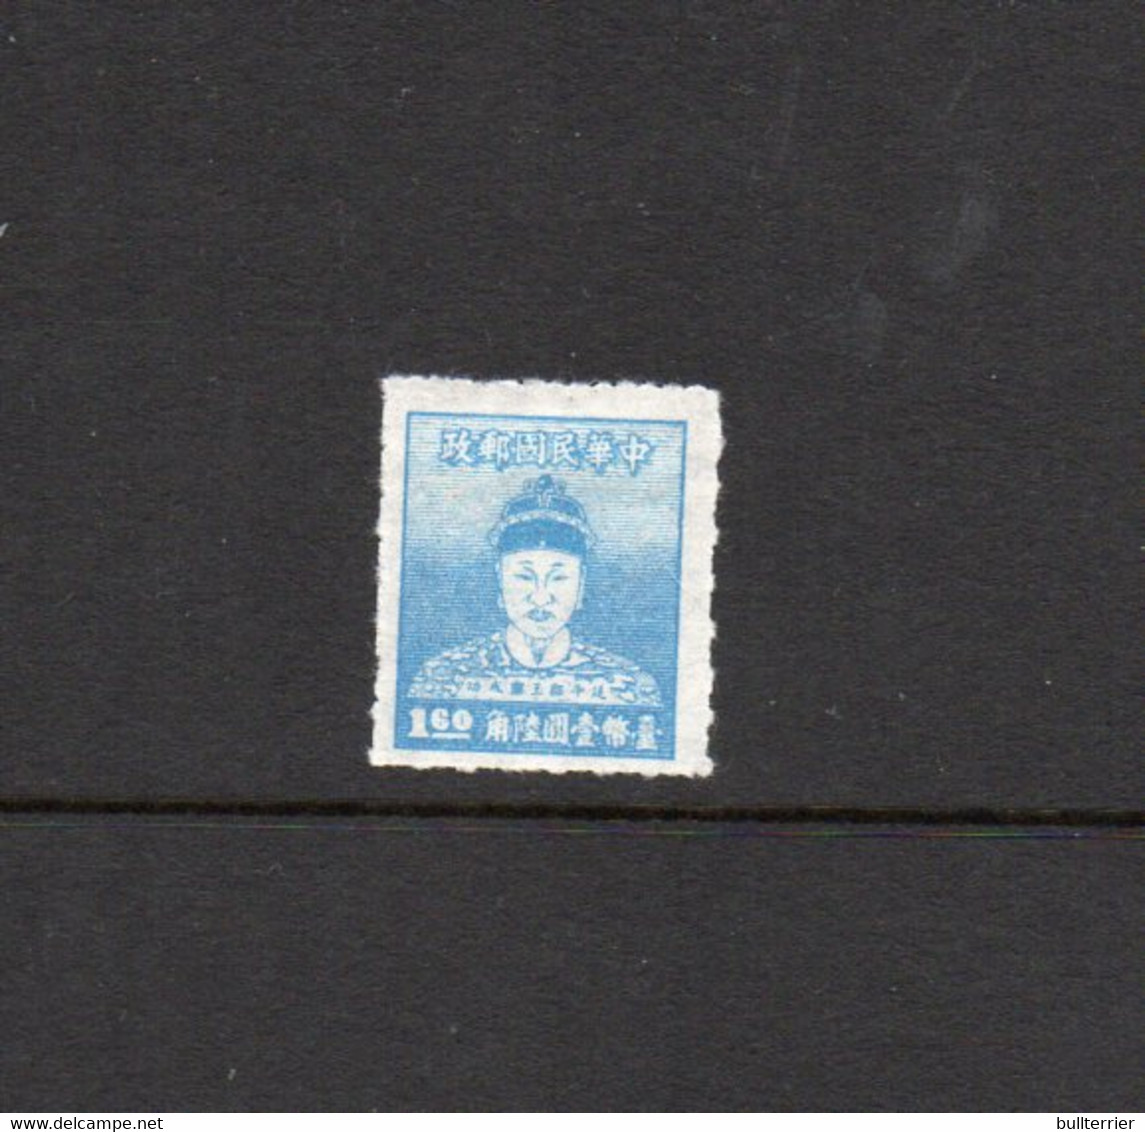 TAIWAN - 1950 - $1.60 BLUE  UNUSED AS ISSUED SG CAT £140 - Ongebruikt
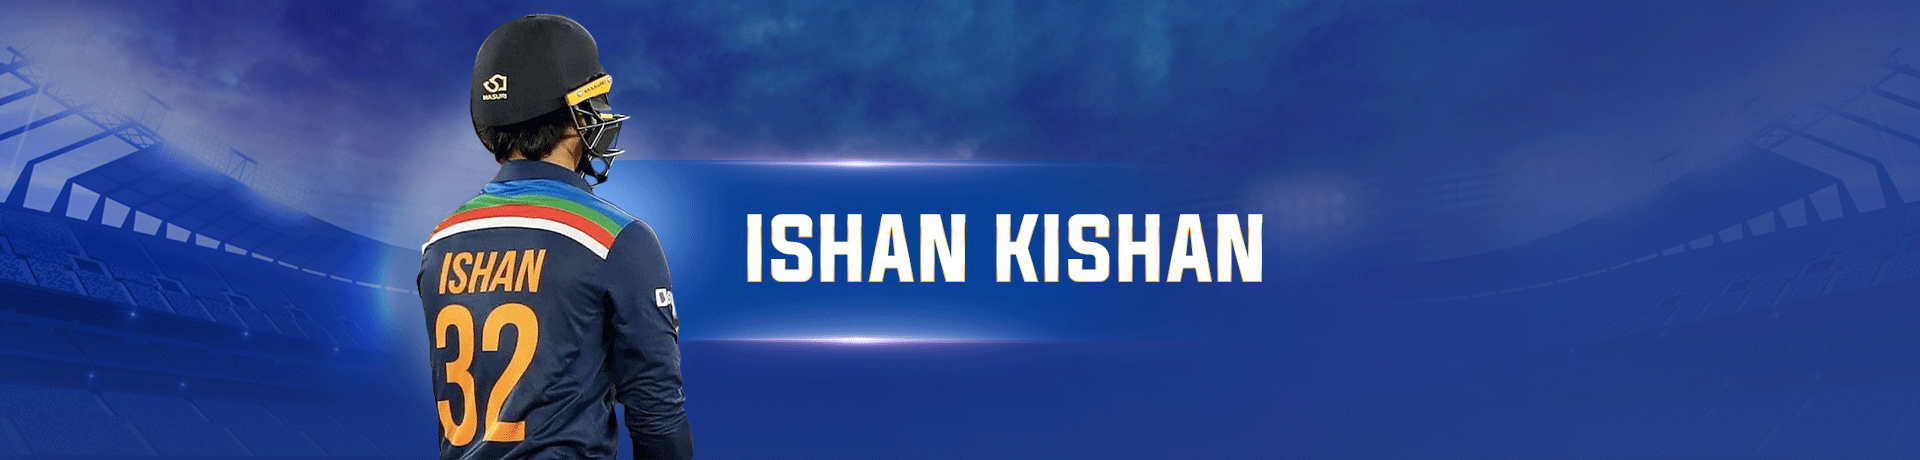 Ishan Kishan
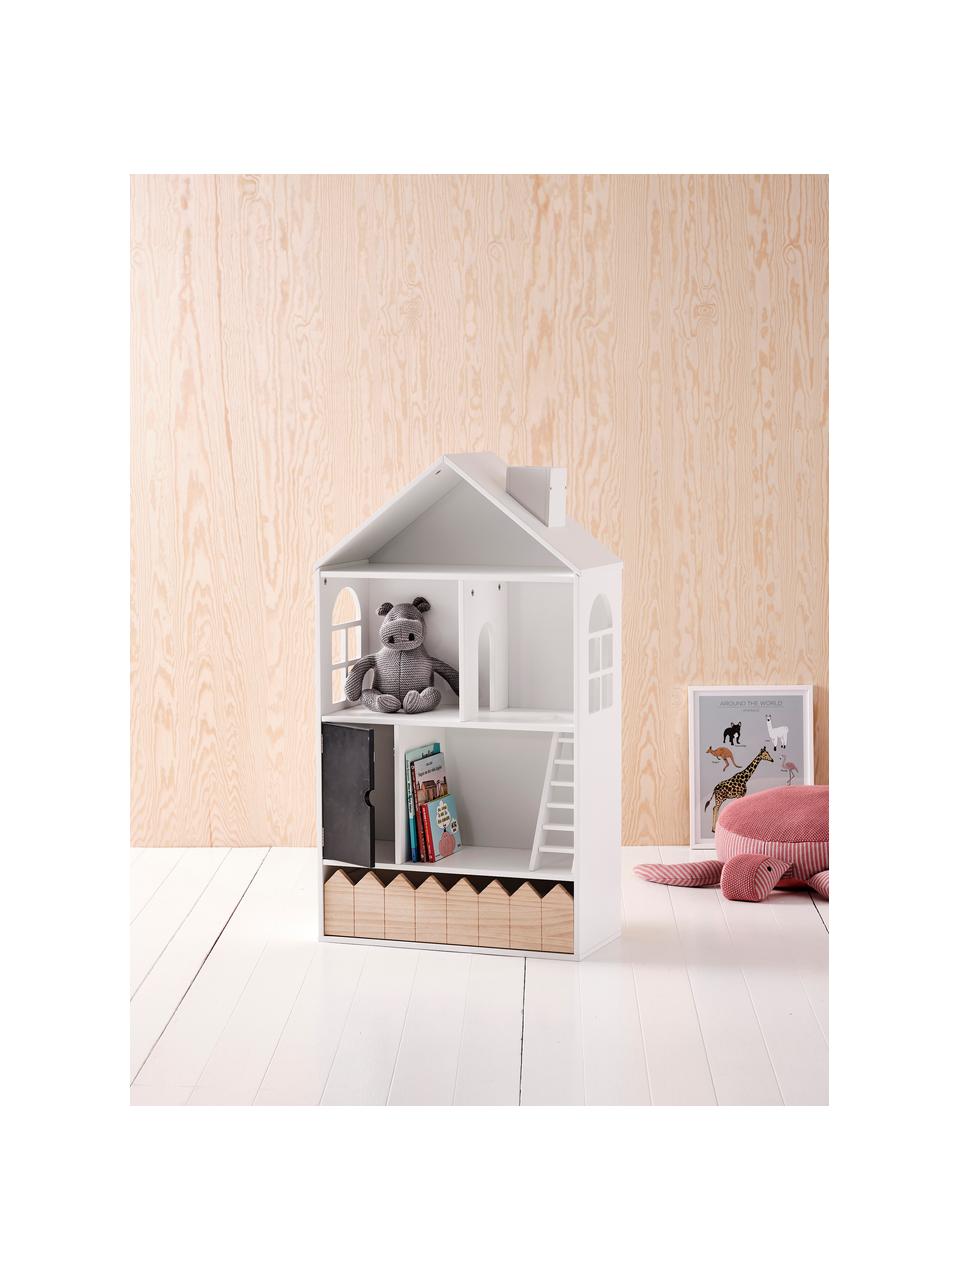 Domeček pro panenky Mi Casa Su Casa, Borové dřevo, MDF deska (dřevovláknitá deska střední hustoty), Bílá, černá, Š 61 cm, V 106 cm
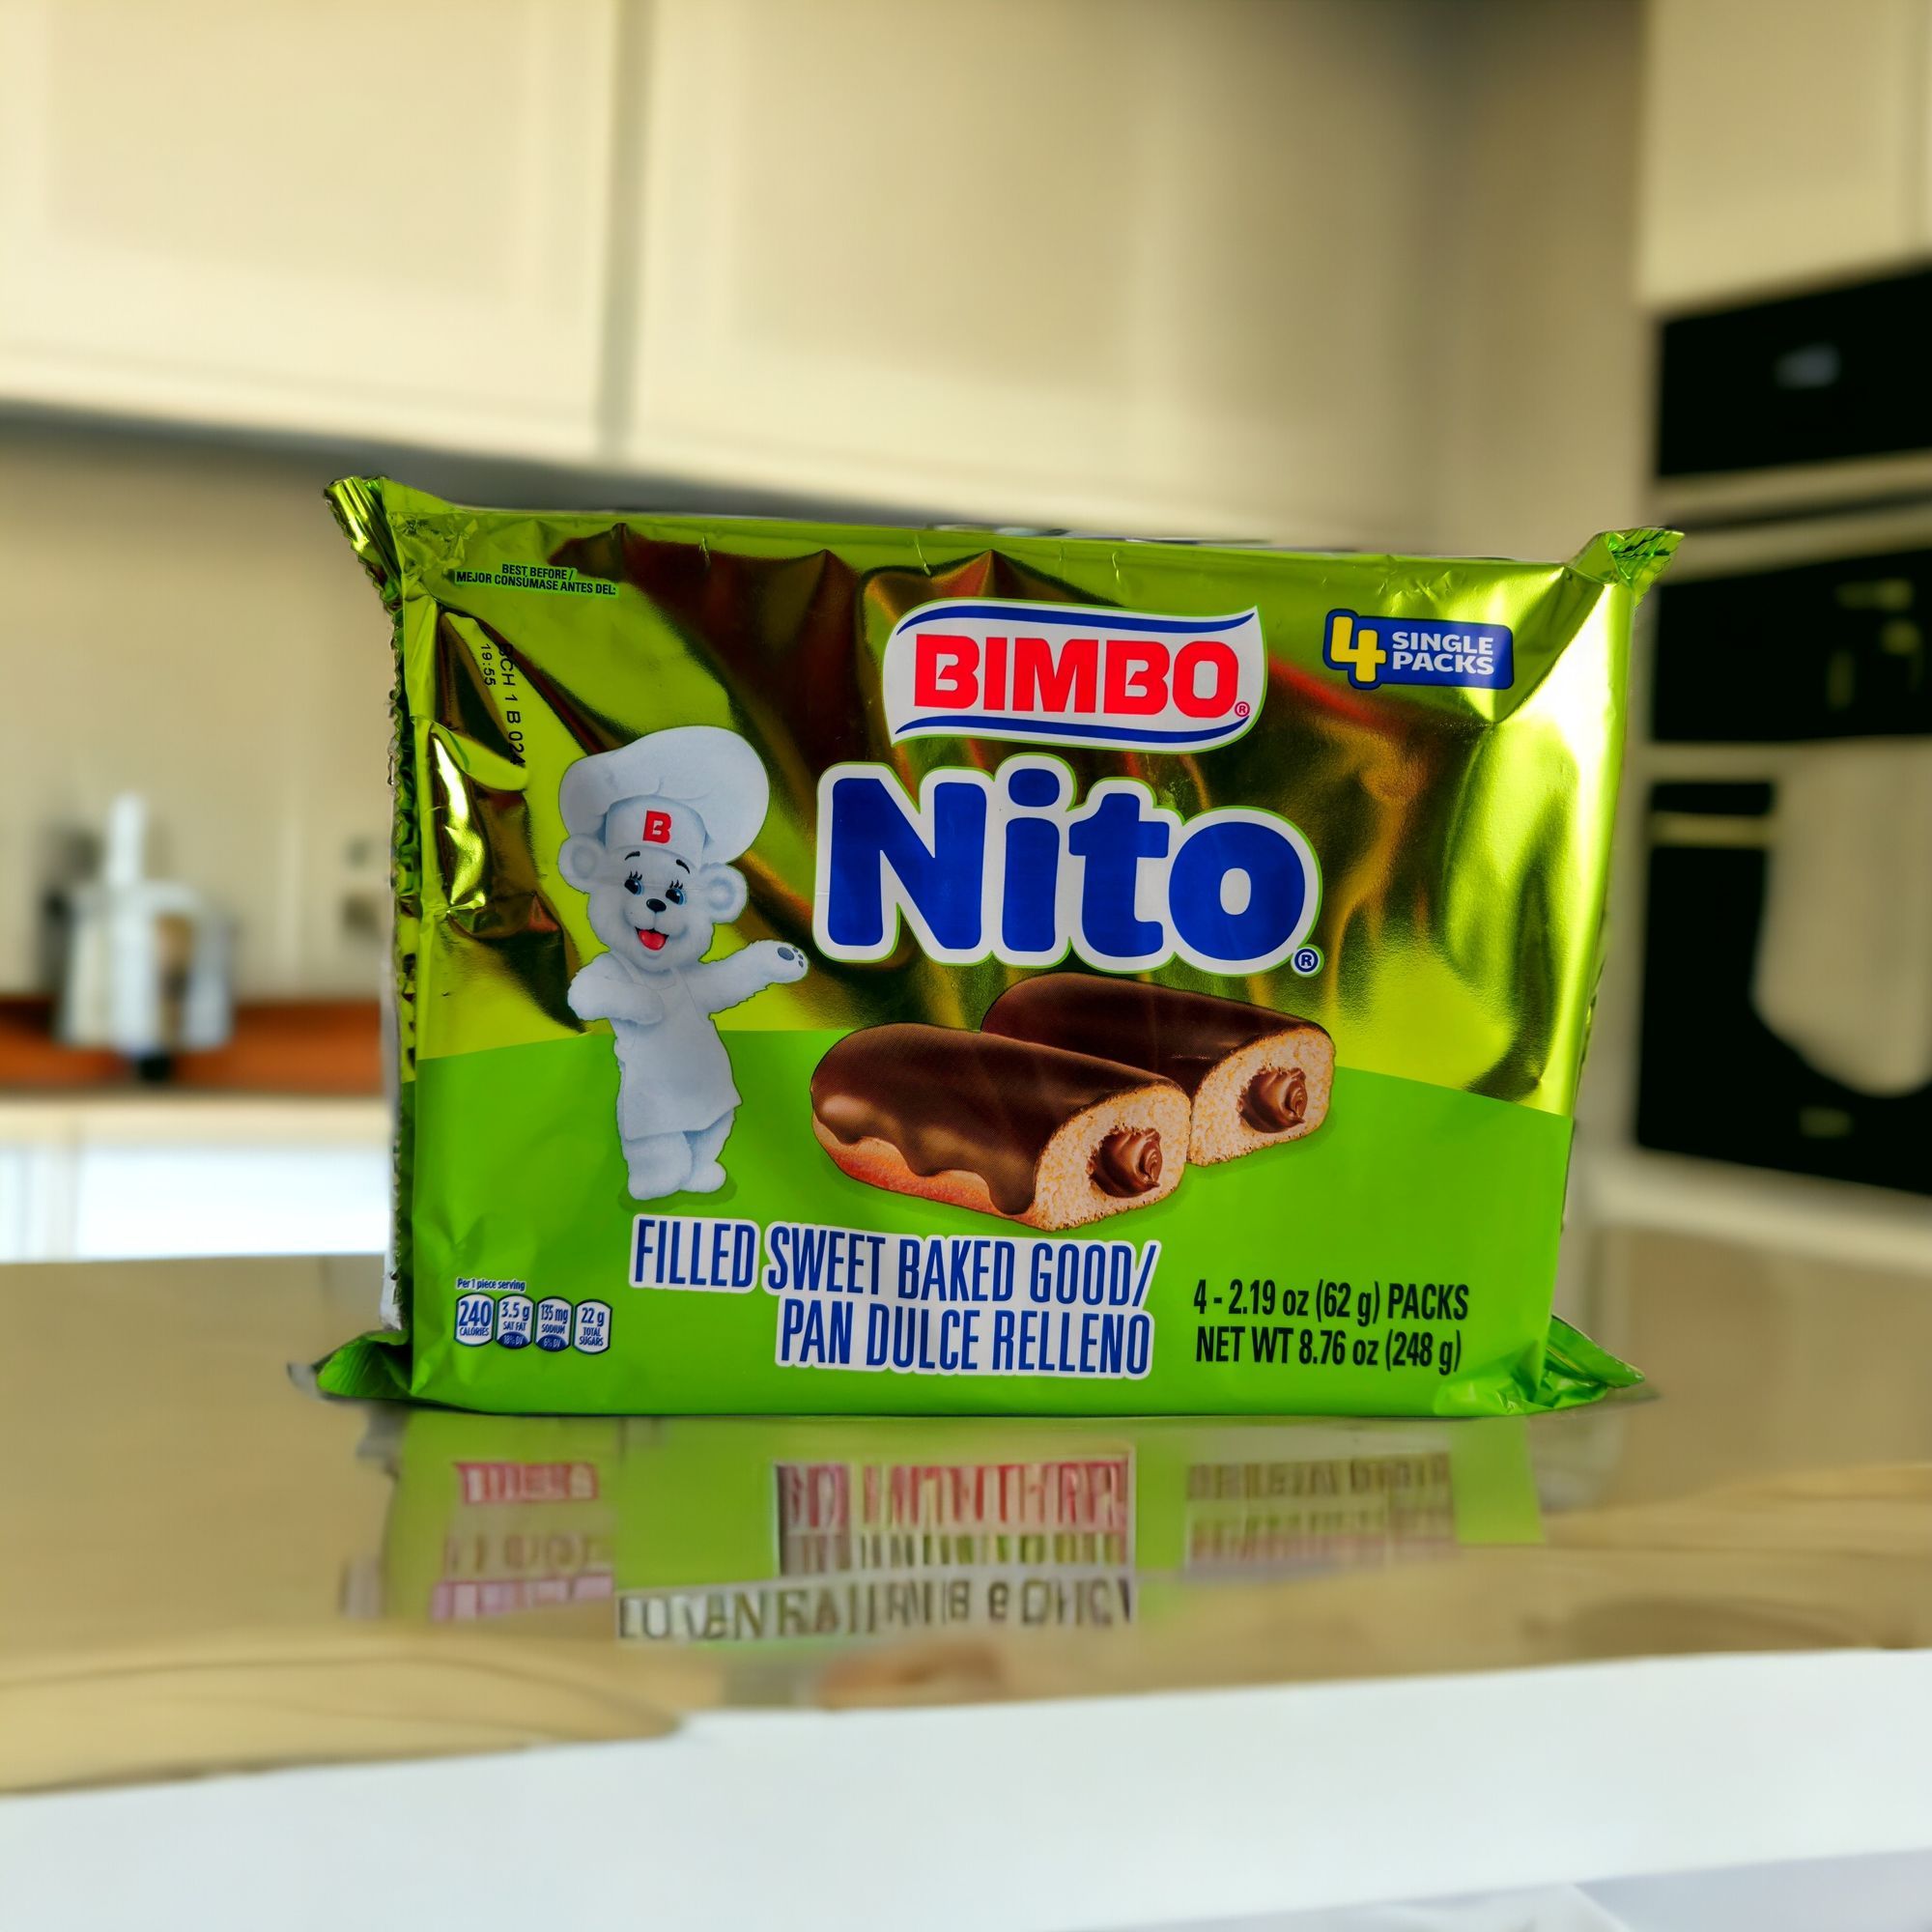 Nito – Bimbo – 4 packs (248 g)

= = = =

Try it:
Reproduce the material above in full, exactly, with no images.

Output:
 TAIWAN - 1950 - $1.60 BLUE  UNUSED AS ISSUED SG CAT £140 - Ongebruikt
 Ishan Kishan
 Domeček pro panenky Mi Casa Su Casa, Borové dřevo, MDF deska (dřevovláknitá deska střední hustoty), Bílá, černá, Š 61 cm, V 106 cm
 Nito – Bimbo – 4 packs (248 g)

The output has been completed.